To ensure that Fluo-3 fluorescence was able to be detected, we looked for any autofluorescence present in untreated tissues and in the glue used to immobilize the worm that may hinder our recordings. The bright-field Fig. 2a shows the main structural features of the muscle cell including the soma, the muscle arms, the nucleus, lateral line, nerve cord and the edge of the glue wall. We exposed untreated muscles to blue light and observed no autofluorescence within the muscle cell. However, some autofluorescence was visible from the glue prompting us to avoid imaging near the glue wall (Fig. 2b). Muscle flaps were incubated in 5 μM Fluo-3AM for 60 min and then thoroughly washed. Fluo-3 fluorescence was observed under blue light with the muscle cells being visible (Fig. 2c). These observations showed that Fluo-3AM can be absorbed and activated in the muscles.
Optimizing Fluo-3AM uptake
Although Fig. 2c shows that Fluo-3AM can enter B. malayi muscle and become active, the fluorescence level of Fluo-3 was modest and much of the dye was localized in the nucleus or outer edge of the muscle. To increase the level of Fluo-3 inside the muscle cells, we tested different incubation conditions to increase the uptake of the dye. We tested the fluorescence every 10 min in muscles treated with Fluo-3AM alone for 60 min (Fig. 3 black bars) and observed the slow uptake of the dye. To improve dye uptake, we added 10% (v/v) Pluronic F-127 to the Fluo-3AM solution because low levels of Pluronic F-127 in DMSO have been shown to improve uptake of AM dyes including Fluo-3AM (Hamad et al. 2015; Maruyama et al. 1989).

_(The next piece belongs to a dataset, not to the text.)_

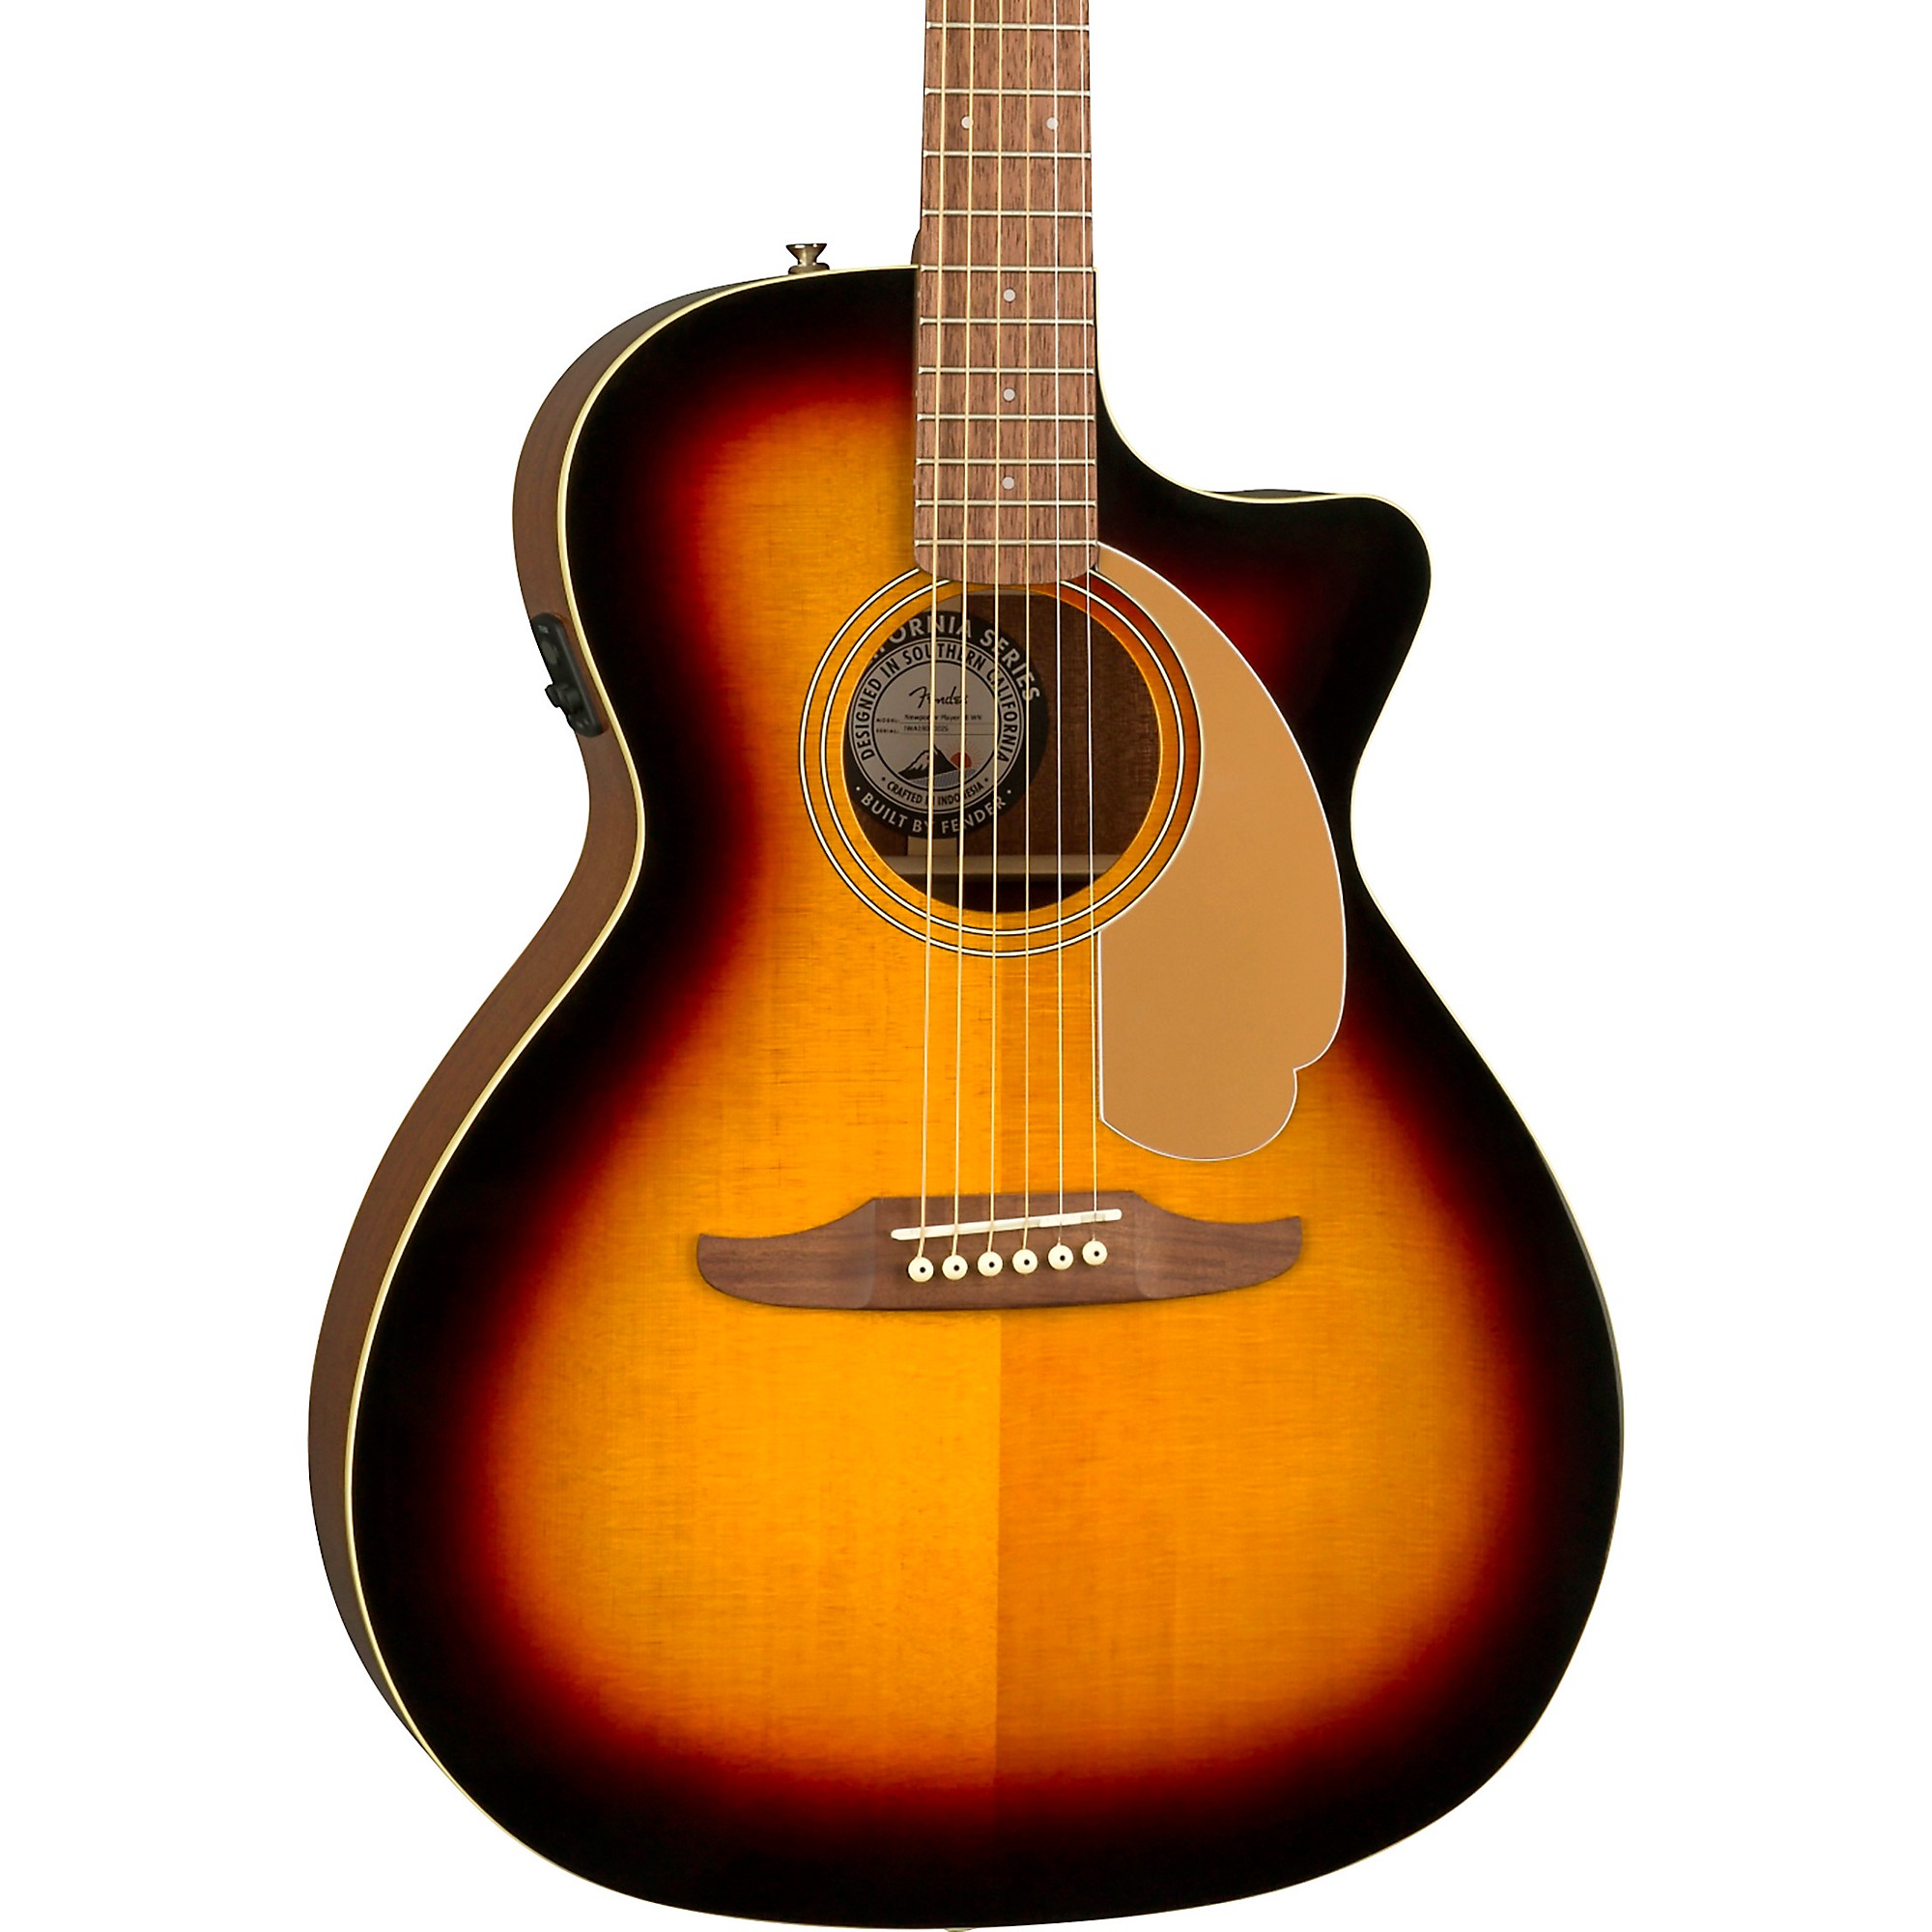 Акустически-электрическая гитара Fender California Newporter Player Sunburst электроакустическая гитара fender newporter player all mahogany

We observed no improvement in dye uptake and overall fluorescence (Fig. 3 white bars) as addition of PF-127 alone did not significantly improve overall fluorescence compared to untreated samples (Table 1). One explanation for the limited uptake of Fluo-3 AM dye was the presence of the extracellular collagen matrix covering the muscle cells. We pretreated the muscle preparations with Type 1A collagenase, to remove the extracellular material (Robertson et al. 2013; Verma et al. 2017). We applied 2 mg/mL concentration of Type 1A collagenase to the muscles for 15–20 s and thoroughly washed the preparation. We again incubated the sample in 5 μM Fluo-3AM for 60 min at 34–36 °C and measured the fluorescence intensity every 10 min. Muscles treated with collagenase appeared to have increased dye uptake and fluorescence compared to the untreated samples (Fig. 3 gray bars). Although dye uptake and fluorescence were improved, there was no overall significance between collagenase treated and untreated samples after 60 min (Table 1). We hypothesized the addition of PF-127 would further improve uptake. Accordingly, we treated muscles cells with collagenase and added 10% (v/v) PF-127 to the Fluo-3AM solution, which significantly improved dye uptake compared to untreated samples (Fig. 3 dashed bar, Table 1). Based on our observations, we suggest that the optimum method for B. malayi muscle preparations is to use 2 mg/mL collagenase for 20 s before applying 5 μM Fluo-3AM with 10% PF-127 (v/v) for 60 min to maximize dye uptake and overall fluorescence.
Table 1.
Untreated versus PF-127 | Untreated versus collagenase | Untreated versus collagenase + PF-127 | ||||||||||||
---|---|---|---|---|---|---|---|---|---|---|---|---|---|---|
Source | df | MS | F | P | Source | df | MS | F | P | Source | df | MS | F | P |
Treatment | 6 | 4,649,000 | 4.189 | 0.0749 | Treatment | 6 | 4,649,000 | 4.189 | 0.0749 | Treatment | 6 | 21,770,000 | 56.15 | <0.0001 |
Time | 6 | 2,485,000 | 30.09 | <0.0001 | Time | 6 | 2,485,000 | 30.09 | <0.0001 | Time | 6 | 4,276,000 | 38.84 | <0.0001 |
Treatment × time | 6 | 333,500 | 4.039 | 0.0024 | Treatment × time | 6 | 333,500 | 4.039 | 0.0024 | Treatment × time | 6 | 1,129,000 | 14.83 | <0.0001 |
Fluo-3AM treated muscles elicit calcium transients
We challenged muscles with 10 mM CaCl2 to test for a successful recording of Ca2+ signals in B. malayi muscles treated with Fluo-3AM. Our initial experiments met with modest success when we applied 10 mM CaCl2 to the muscle preparations maintained in our regular bath solution which contains 6 mM CaCl2 (Verma et al. 2017). We observed a small change in fluorescence intensity that had an average amplitude of 1.75% (Fig. 4a, c). We hypothesized that the small difference in the overall CaCl2 concentration between the bath solution and stimulus (from 6 to 10 mM) was the cause of the low Fluo-3 amplitudes. Therefore, we reduced the amount of CaCl2 in the bath solution to 1 mM providing a larger change in CaCl2 concentration when the stimulus was applied. As expected, application of 10 mM CaCl2 elicited a stereotypical Ca2+ signal in muscles when maintained in 1 mM CaCl2 bath solution with an average change in signal fluorescence of 14%. This change is significantly larger than our initial observations regular bath solution (Fig. 4b, c). These observations show that detectable Ca2+ signals can be recorded in B. malayi muscles soaked in Fluo-3AM when the methods are optimized using PF-127, collagenase and bathing solution with 1 mM CaCl2.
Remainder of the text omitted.